Pictures stay out of the copy; set down each line of the listing below exactly.
-- Information supplied follows --
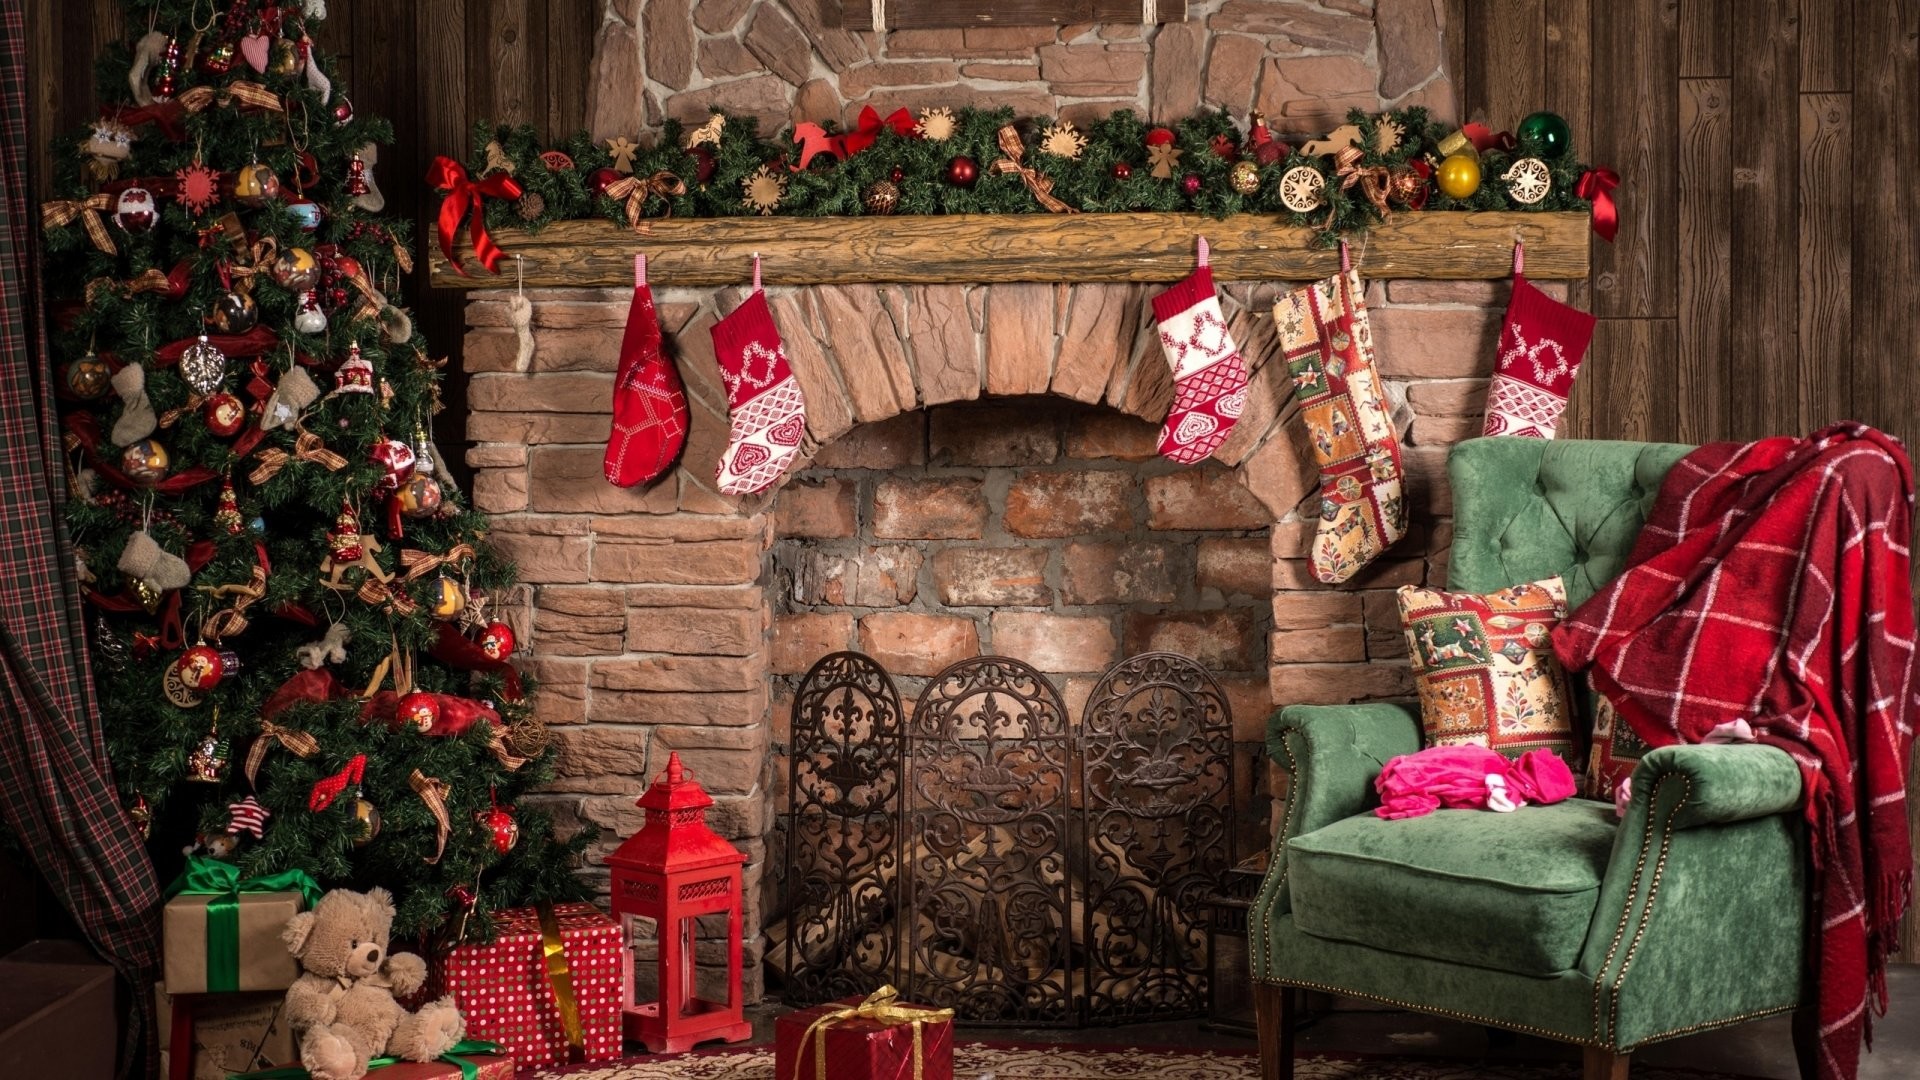 Hãy cho thế giới của bạn những chuyển động tuyệt đẹp với hình nền Noel 1920x1080 đầy màu sắc. Mỗi chi tiết được biến tấu tinh tế và kết hợp với nhau tạo ra một bức hình Giáng sinh suýt sánh ngang với những đêm lễ hội tuyệt vời. Hãy cảm nhận rằng Chúa Giáng sinh vẫn đang ở bên cạnh chúng ta.
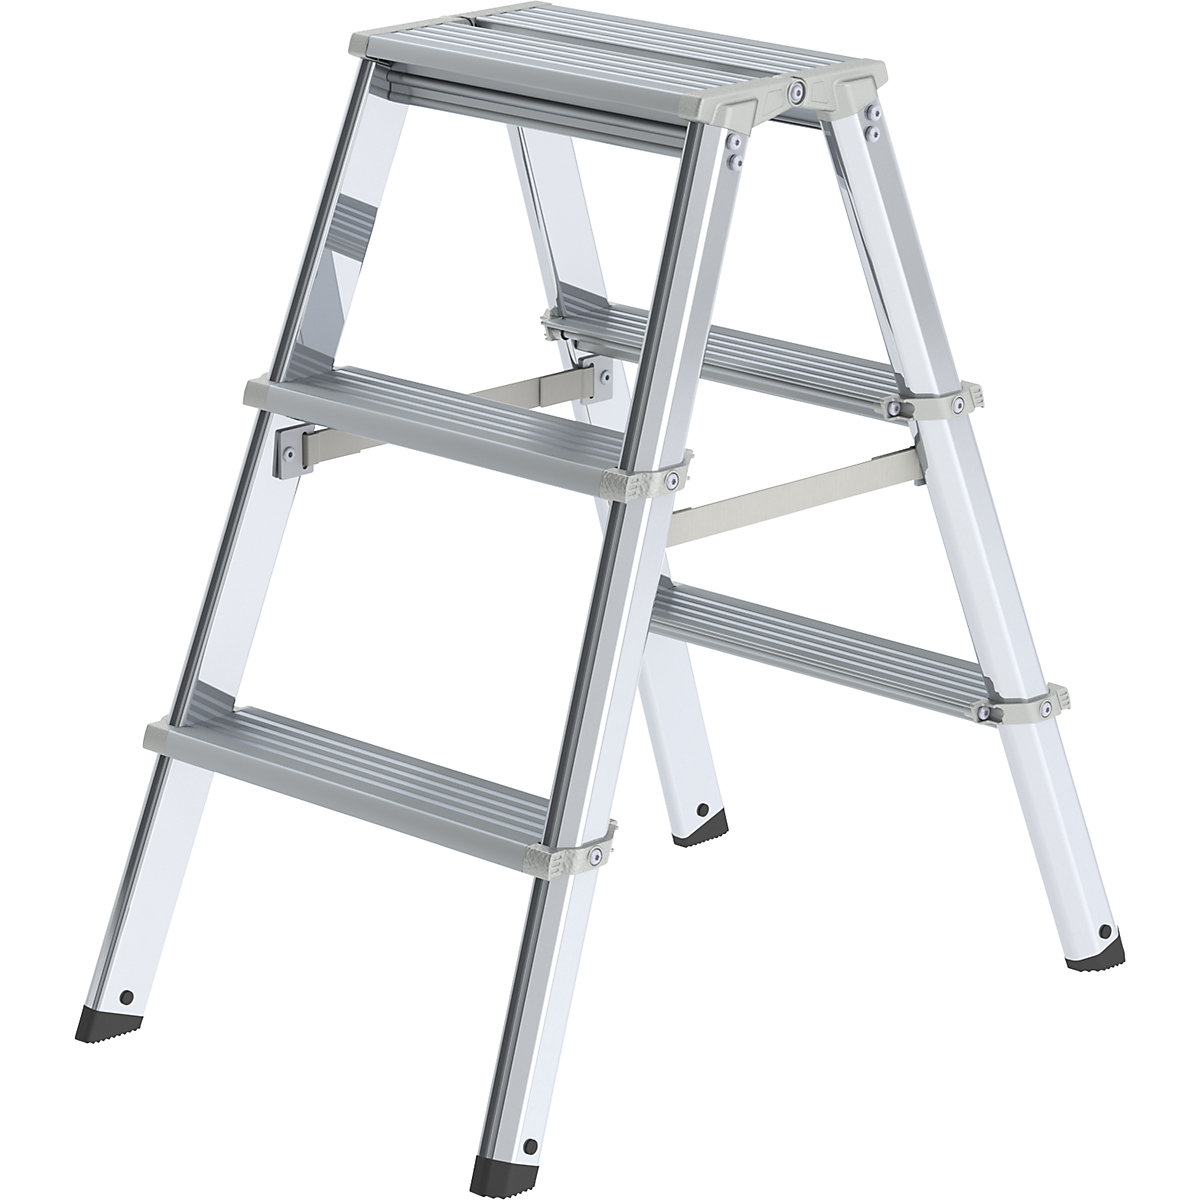 MUNK – Escalera tipo tijera de peldaños planos de aluminio, de ascenso por ambos lados, con larguero ergonómico, 2 x 3 peldaños, altura de trabajo 2250 mm
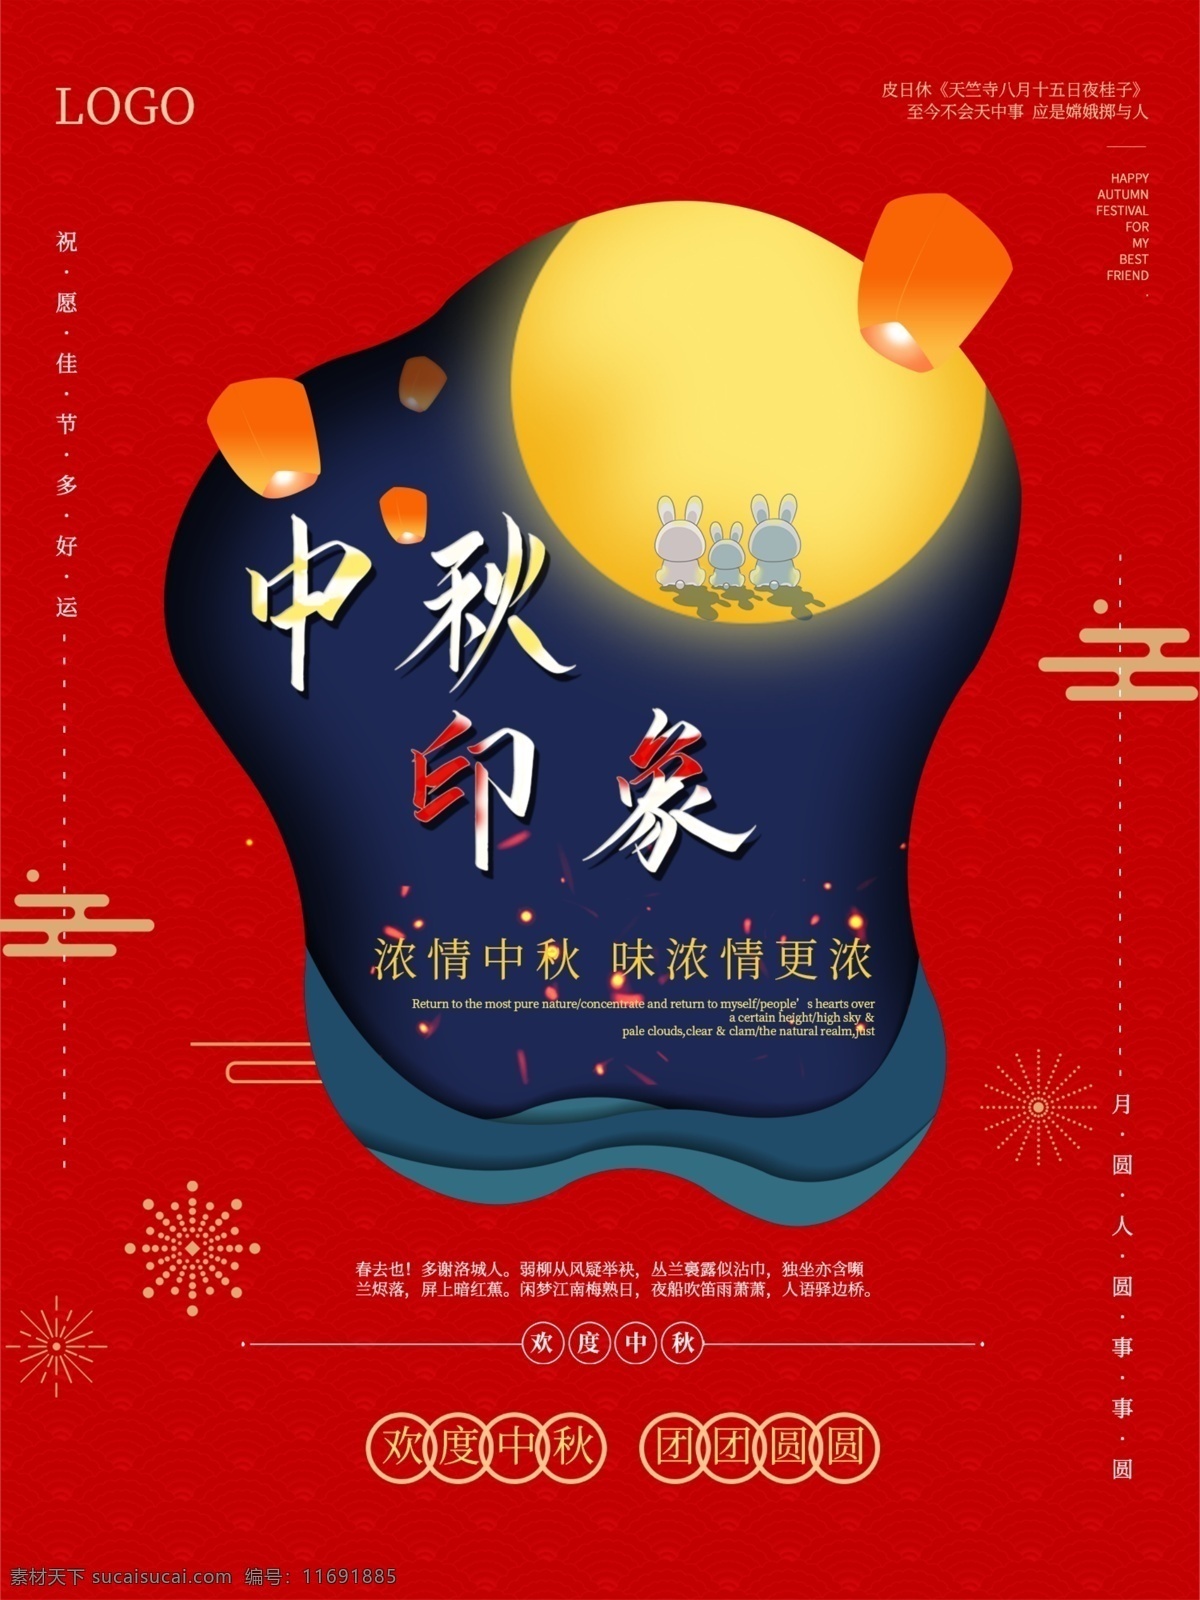 中秋节 简约 大气 宣传 创意 红色 模板 中秋 酒红色 温馨 团圆 月饼 时尚 节日海报
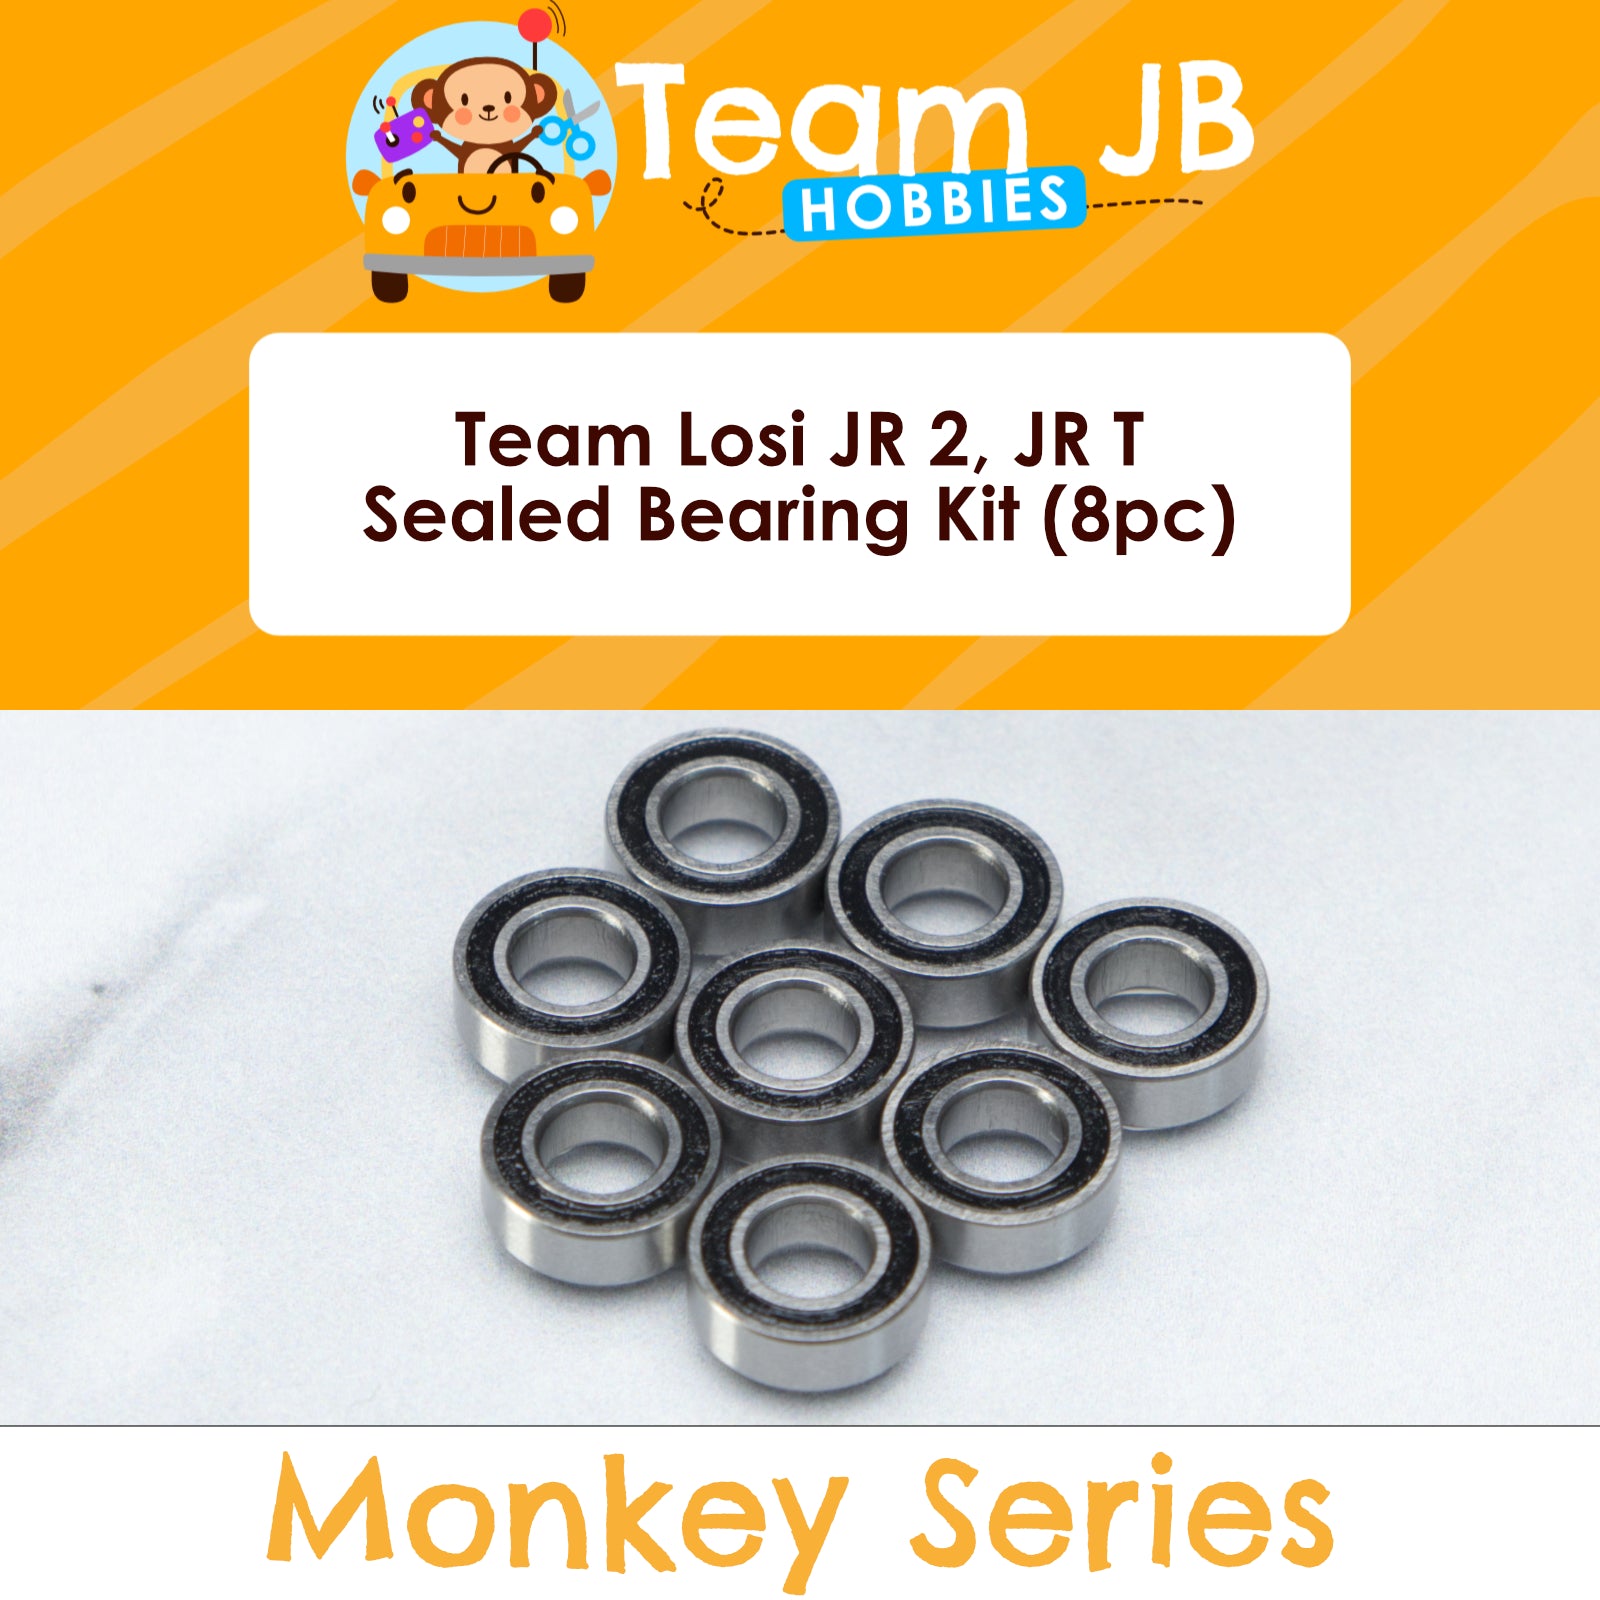 Team Losi JR 2, JR T - Sealed Bearing Kit
-- Information supplied concluded --
#### [The completed task]
 Hãy cho thế giới của bạn những chuyển động tuyệt đẹp với hình nền Noel 1920x1080 đầy màu sắc. Mỗi chi tiết được biến tấu tinh tế và kết hợp với nhau tạo ra một bức hình Giáng sinh suýt sánh ngang với những đêm lễ hội tuyệt vời. Hãy cảm nhận rằng Chúa Giáng sinh vẫn đang ở bên cạnh chúng ta.
 MUNK – Escalera tipo tijera de peldaños planos de aluminio, de ascenso por ambos lados, con larguero ergonómico, 2 x 3 peldaños, altura de trabajo 2250 mm
 中秋节 简约 大气 宣传 创意 红色 模板 中秋 酒红色 温馨 团圆 月饼 时尚 节日海报
 Team Losi JR 2, JR T - Sealed Bearing Kit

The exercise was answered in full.